But now nearly a week has passed since the suspect, Jared Lee Loughner, assumed the title of America’s Next Top Domestic Terrorist, and a critical mass of people seem to be admitting, begrudgingly, that his act was not politically motivated. A CBS News poll released Tuesday found that 57% of Democrats and Republicans rejected the notion that Loughner’s alleged actions were somehow galvanized by heated political speech.

Indeed, as details about Loughner emerged, it became increasingly clear that his fixation with Giffords wasn’t about politics but personal demons. Although Giffords, a centrist Democrat in a sharply divided district in a hard “tea-partying” state, had enemies, none of them were involved in Saturday’s shooting.

No matter. Plenty of people are still trying to shoehorn the whole event into some kind of political/cultural watershed moment. Much of the left, of course, insists that even if no overt political agenda was a motivating force, the confluence of gun culture, xenophobia and paranoid blowhardism on the right surely contributed in some way. And much of the right represented on KRLA remains deeply invested in the idea that liberals are so stupidly literal that they truly believe words such as “reload” and “bull’s-eye,” when used in campaign speeches, signal that it’s OK to murder your opponent.

In other words, the particulars don’t matter much; they’re just another excuse to reiterate the usual absurdities.
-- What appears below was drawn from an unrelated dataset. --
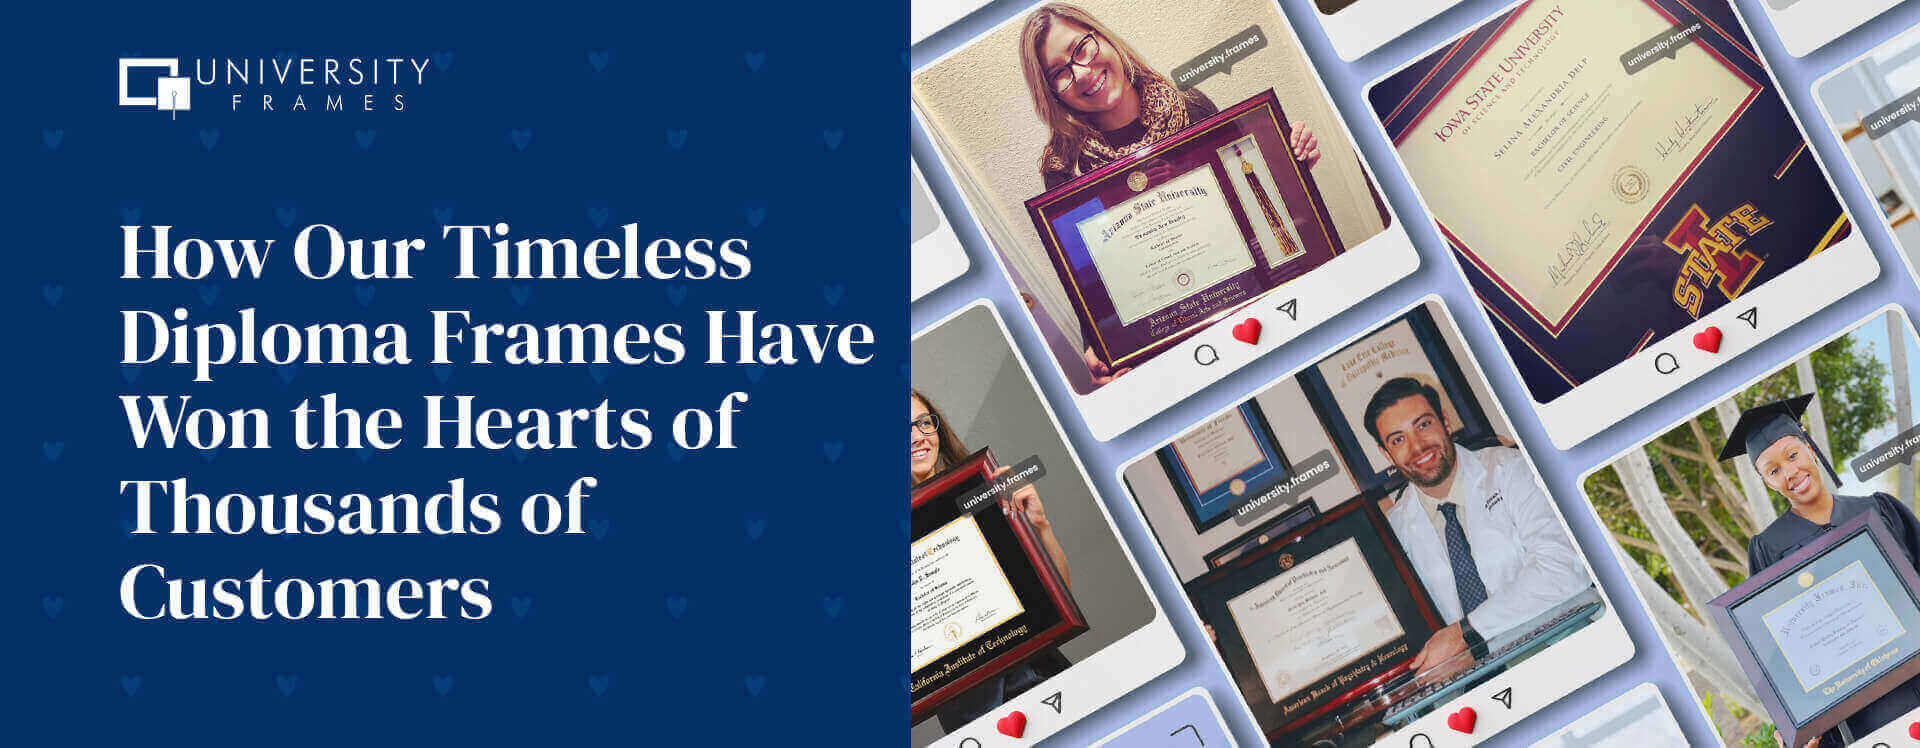 How Our Timeless Diploma Frames Have Won the Hearts of Thousands of Customers
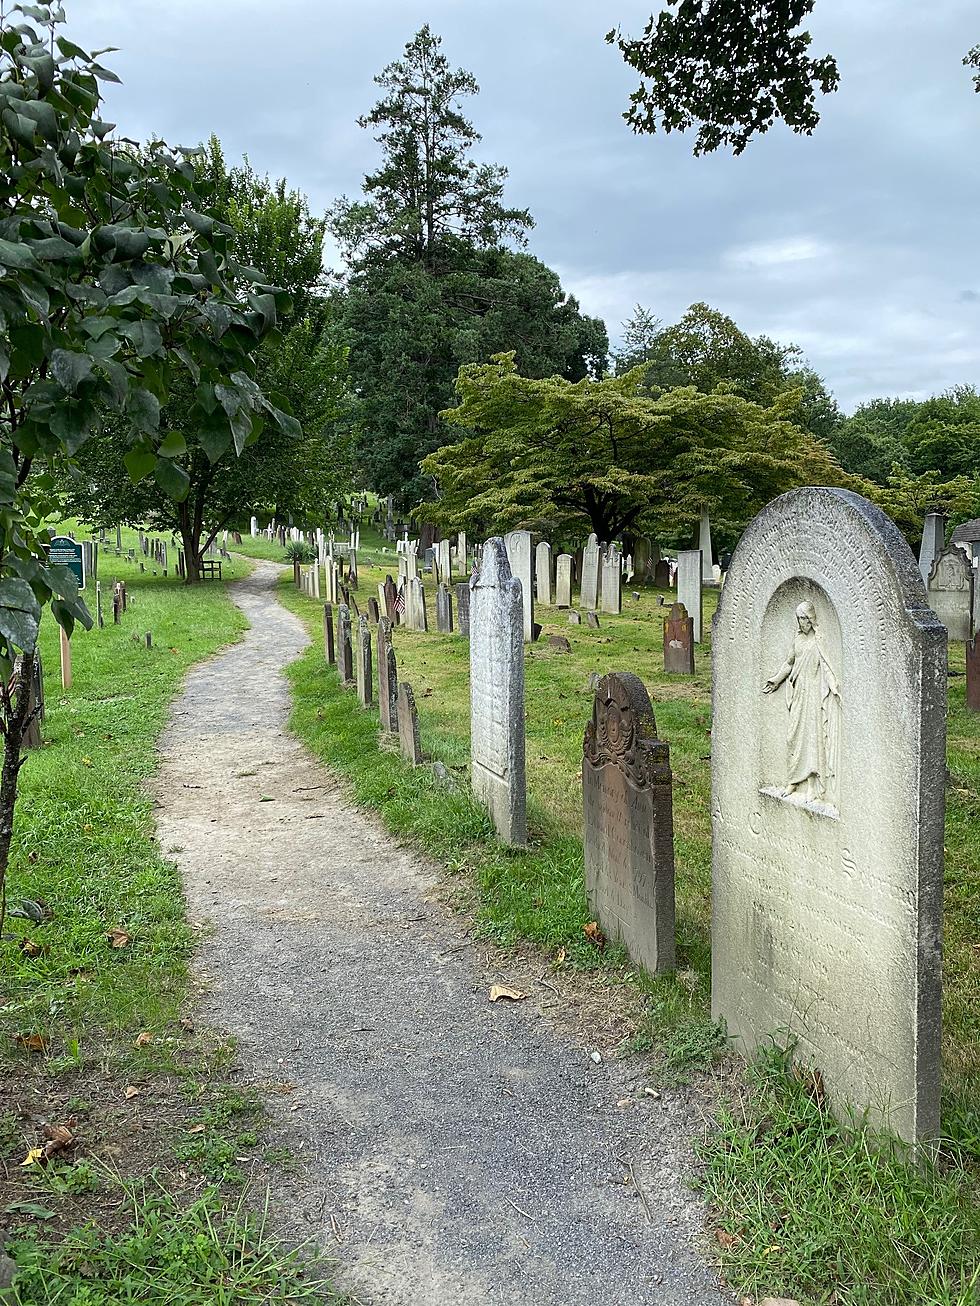 Would you Visit the Historic Sleepy Hollow Cemetery?

For example, the notion that Palin may as well have committed mass murder in Tucson. I mean, get real. The woman is many things, but murderer is not among them. In fact, suggesting as much is about as boneheaded as suggesting that the president is a socialist. And most of the people mouthing this stuff and setting the agenda know that perfectly well.

Some of this can be chalked up to the predictable din of the predictable echo chambers. But it also might be the result of one of the most vexing aspects of this event: There isn’t yet a clear takeaway from what happened in Tucson. We know we’re shockingly powerless to prevent such tragedies in the best of times, and these aren’t the best of times. We know six people, including a 9-year-old child, have died. We know 13 people were injured, including a young congresswoman whose prospects for recovery remain uncertain. But that’s almost nothing, given the searing questions the shootings expose.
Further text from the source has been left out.